Aim of the exercise:
Starting with the line with "They Are Girls, Not" in the entries below and going on through the line with "Experience the magic", output every line exactly and nothing more. No pictures.

Records from a data source:
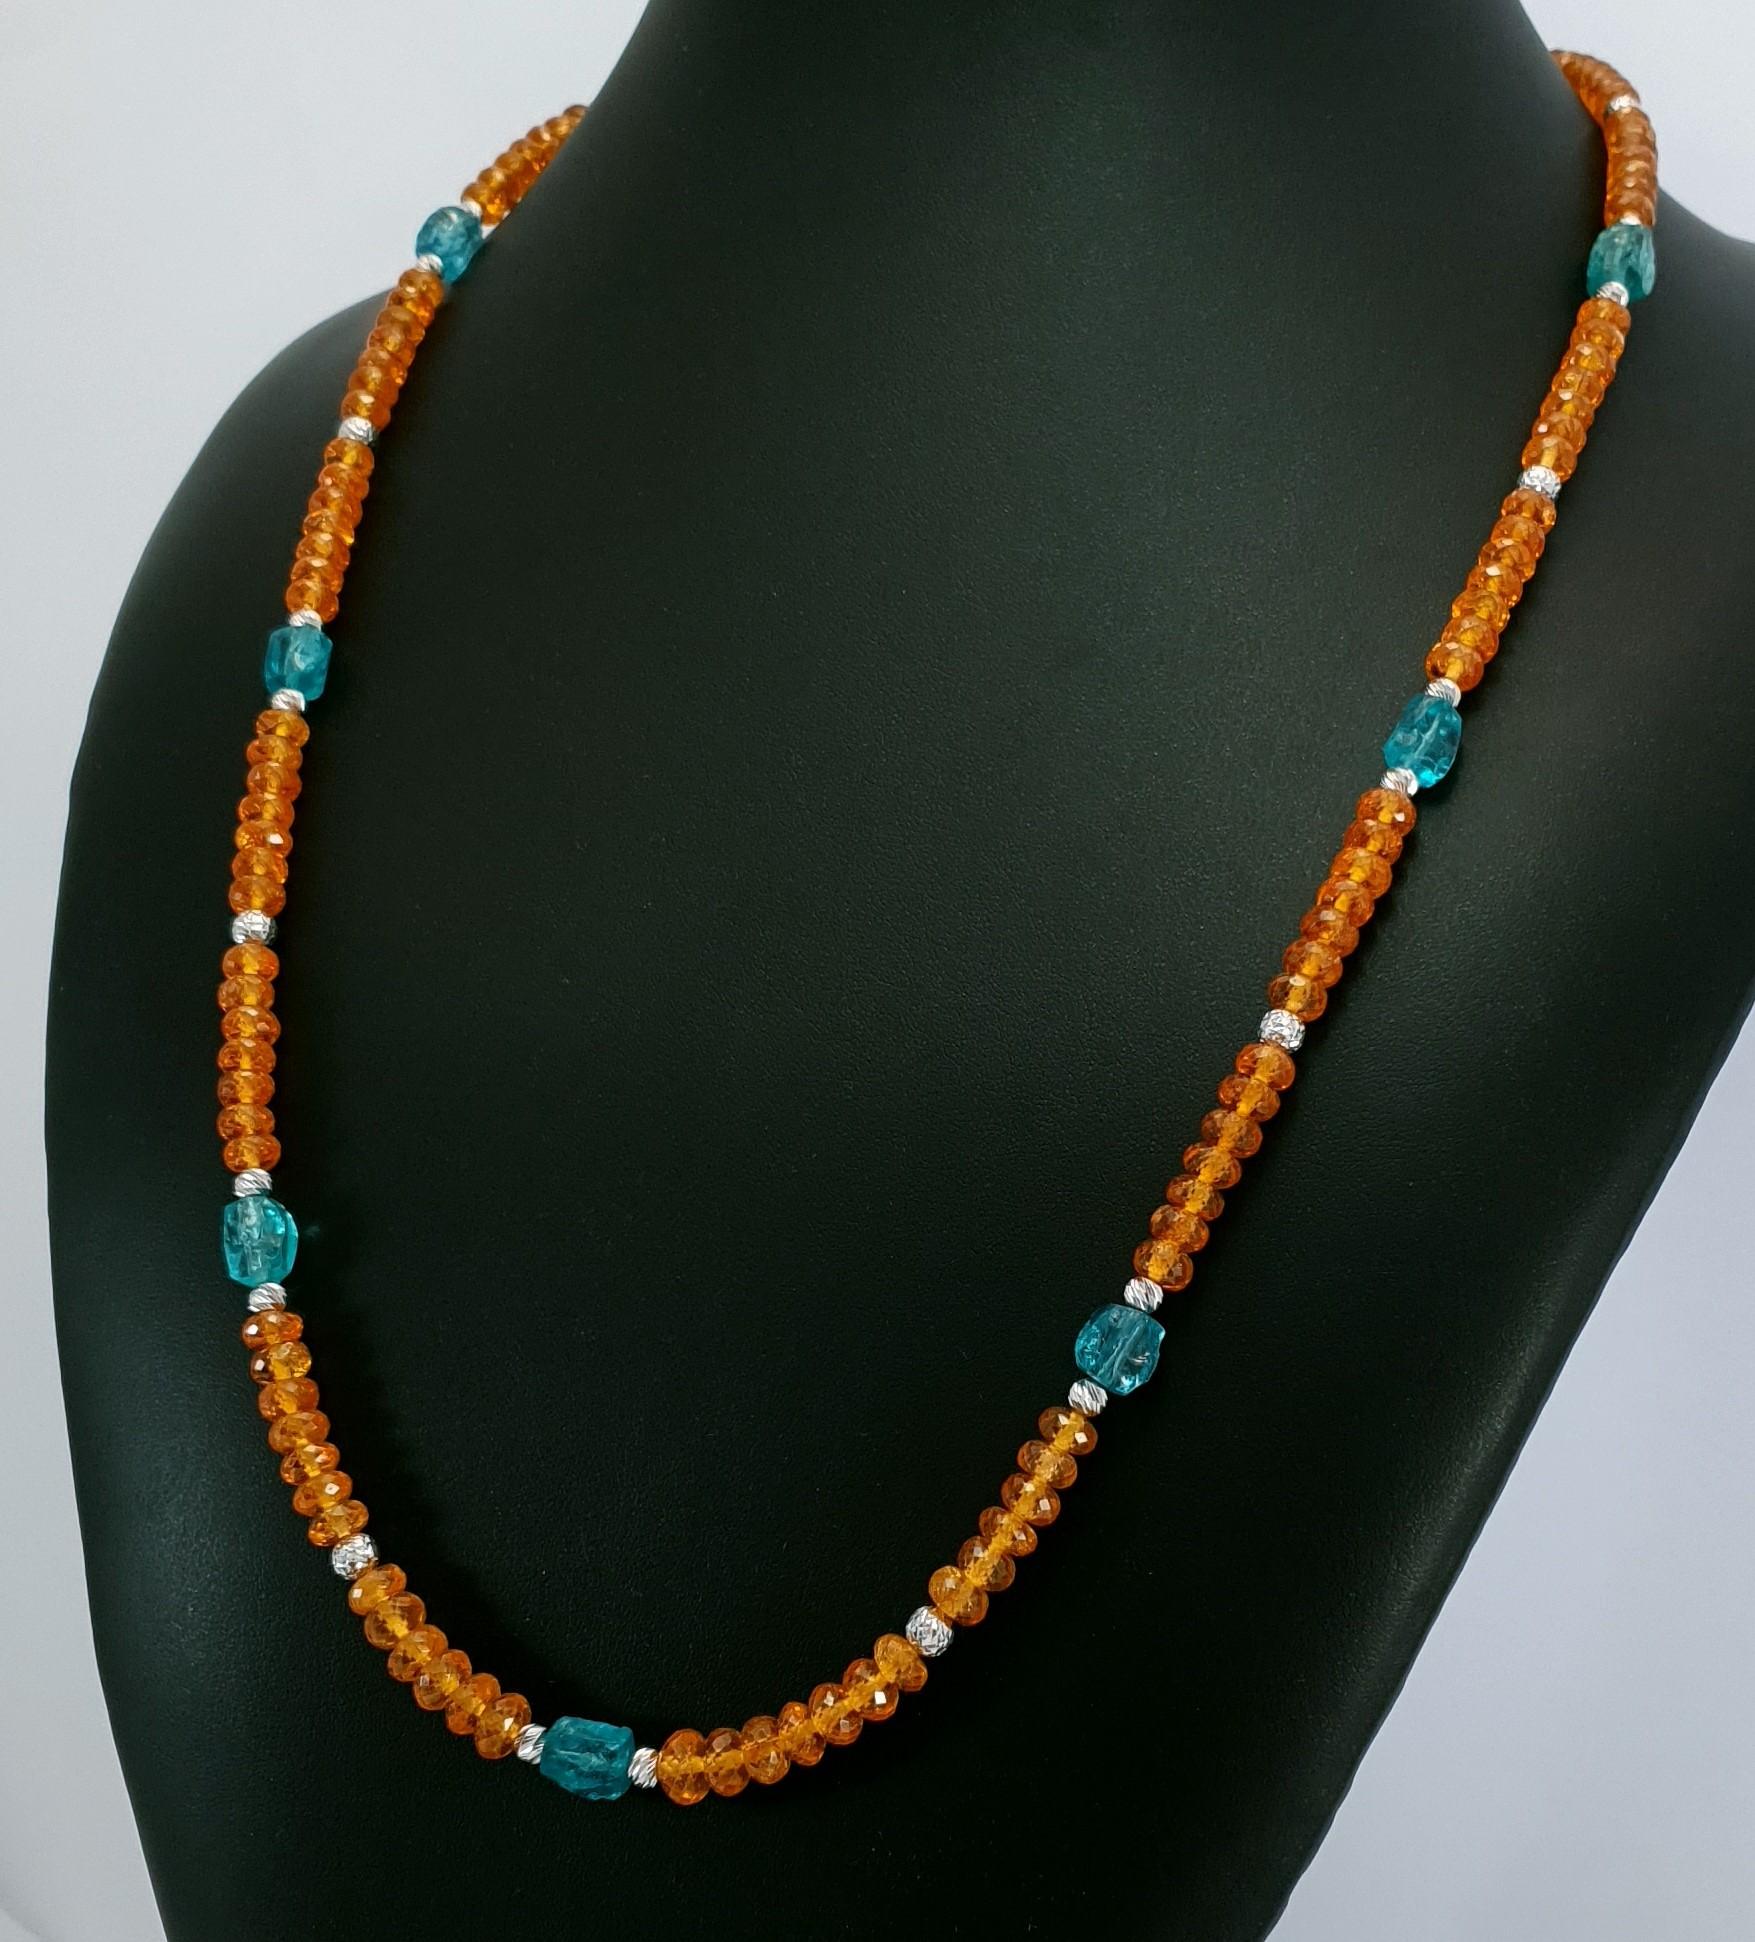 Orange Garnets and Paraiba Color Apatite Beads Necklace with 18 Carat White Gold 8
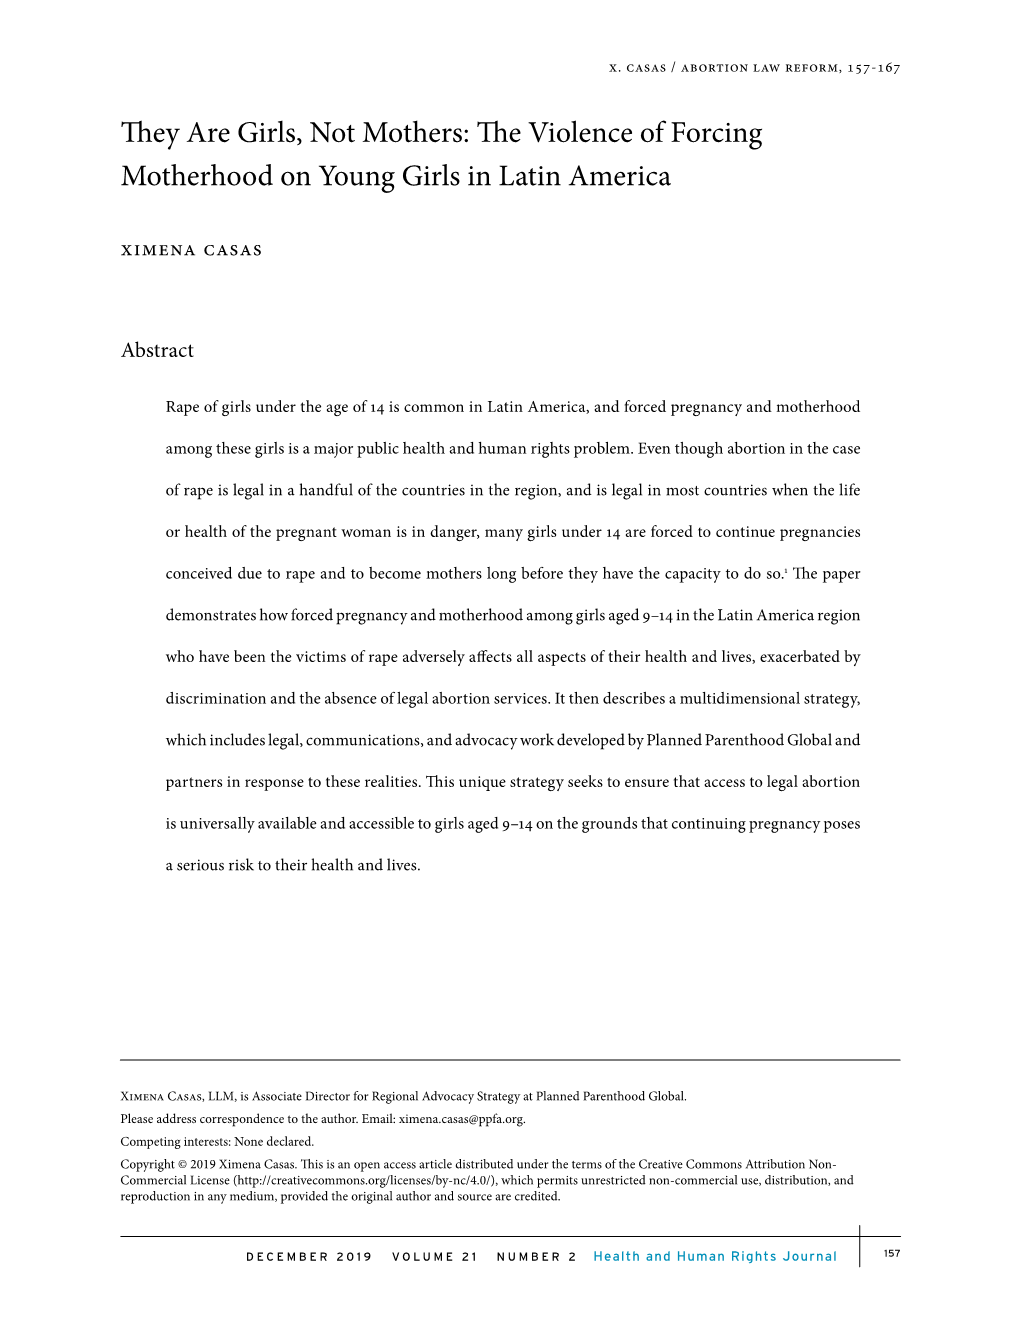 They Are Girls, Not Mothers: the Violence of Forcing Motherhood on Young Girls in Latin America Ximena Casas
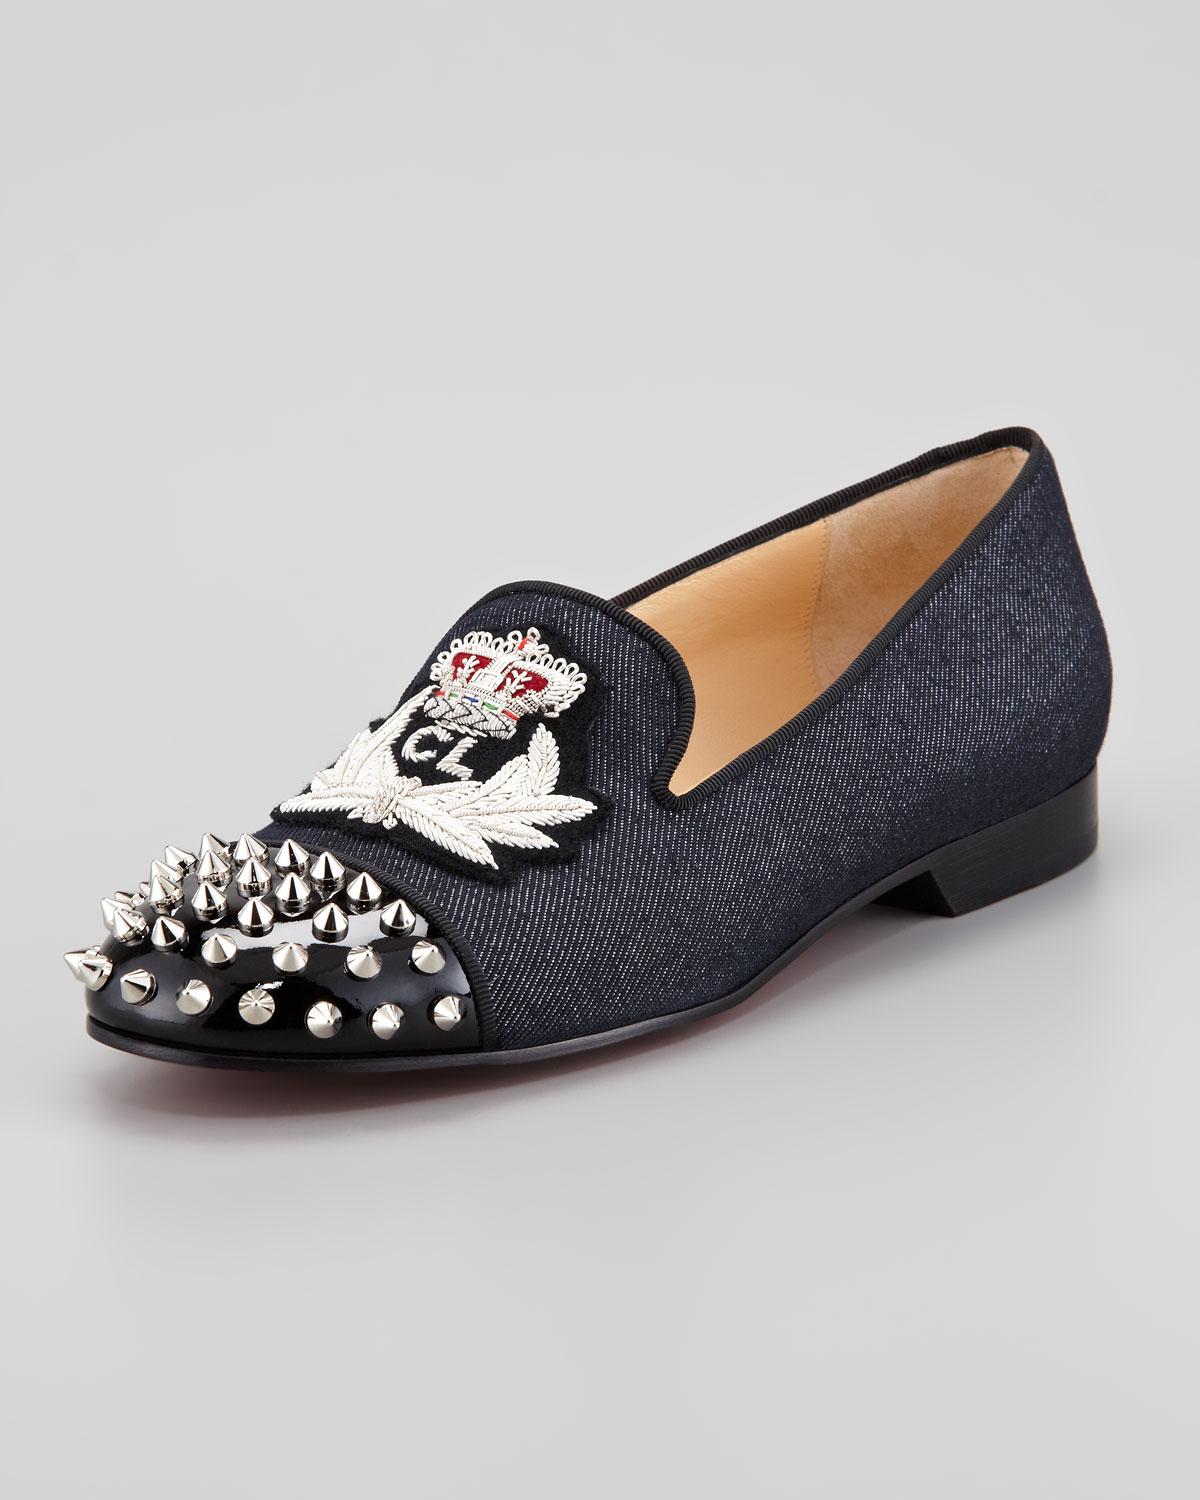 Christian louboutin Intern Spiked Captoe Denim Red Sole Loafer in ...
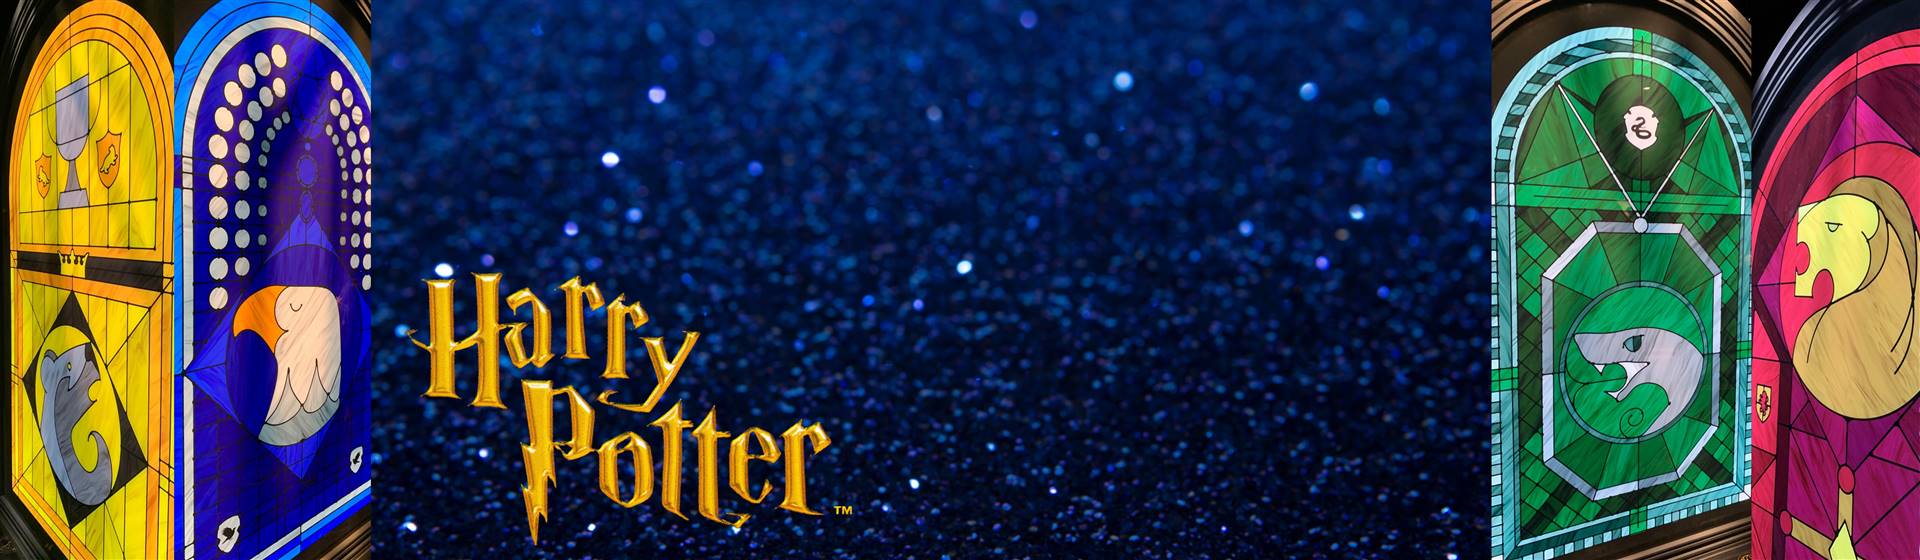 Experience the magic of Harry Potter & the Exhibition. There is so much to see and do in the city.
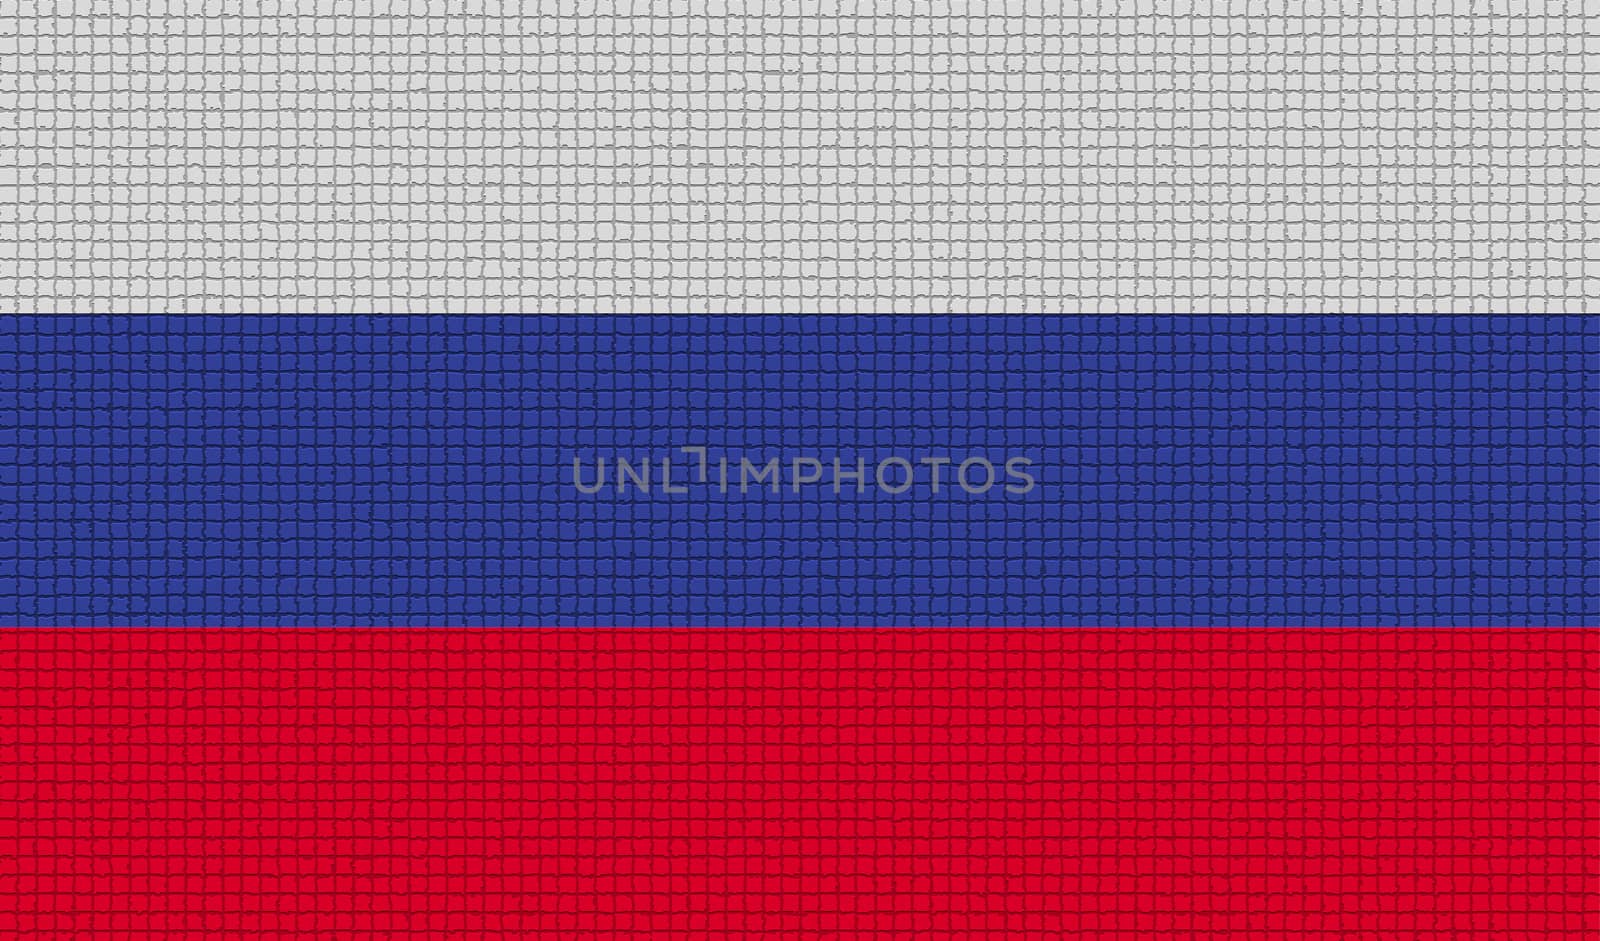 Flags of Russia with abstract textures. Rasterized version

Exercise response:
 They Are Girls, Not Mothers: the Violence of Forcing Motherhood on Young Girls in Latin America Ximena Casas
 Christian louboutin Intern Spiked Captoe Denim Red Sole Loafer in ...
 Experience the magic of Harry Potter & the Exhibition. There is so much to see and do in the city.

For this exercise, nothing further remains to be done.